On the fifth of October, 2014, Suzuka hosted one of the wettest Grands Prix in living memory, with Typhoon Phanfone saturating the famous circuit and generally causing chaos throughout the race.
Sadly, the race culminated in the unfortunate and tremendously unlucky accident of Jules Bianchi, who sustained eventually fatal head injuries when his Marussia left the circuit at the infamous Dunlop bend, crashing into a recovery vehicle, which was recovering Adrian Sutil’s stricken Sauber.
Immediately following the incident, the FIA introduced a new safety mechanism known as the Virtual Safety Car, which in a nutshell was a compulsory speed limit enforced on all cars following any incident deemed not worthy of a regular safety car procedure.
Since Jules’ accident, Formula 1 has not had any driver so much as sustain an injury (other than Alonso’s mystery testing accident in 2015…. Oh and his cracked rib after his plane crash in Australia 2016), though Indy Car sadly lost Justin Wilson in August 2015 when his head was struck by debris after an accident at the Pocono Speedway.
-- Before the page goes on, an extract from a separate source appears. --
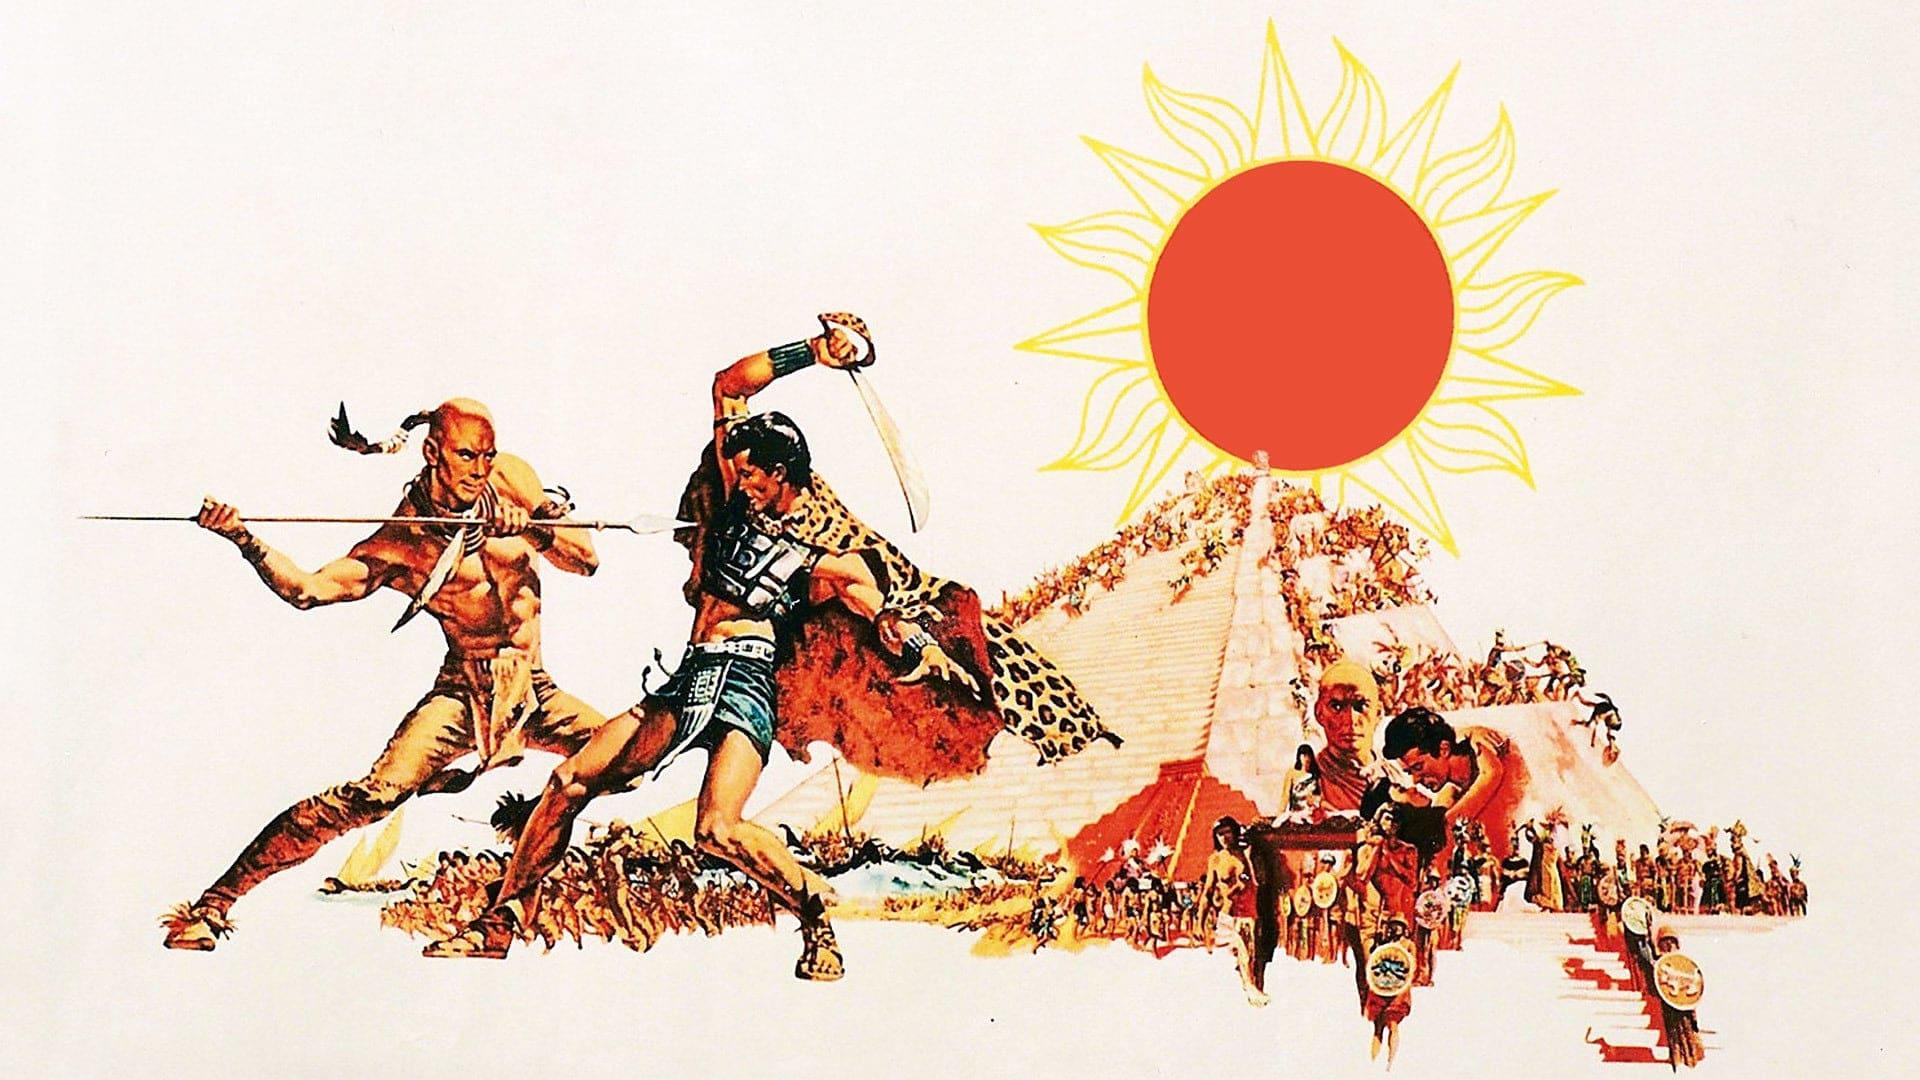 Regarder Les rois du soleil en streaming gratuit

After two drivers had passed away due to head injuries sustained in open-wheeled racing cars, the FIA was forced to act. Sadly for F1 fans, the FIA decided to implement a new, rather horrid-looking safety mechanism to increase head protection from 2018 onward: the “Halo”, which drivers and fans are both divided over.
This means that for the first time in Formula 1’s history, the cars are going to include (almost) full head protection. Which isn’t what the fans are used to. The cars are going to essentially look like giant flip flops.
We will most probably get used to it pretty quickly (remember 2014’s noses?), but the entire DNA of the F1 car will have changed – and I personally believe that this will alienate a lot of fans (and scare away new ones). And if Mercedes keep up the tradition of winning just about every race, this will further exacerbate F1’s fan drought.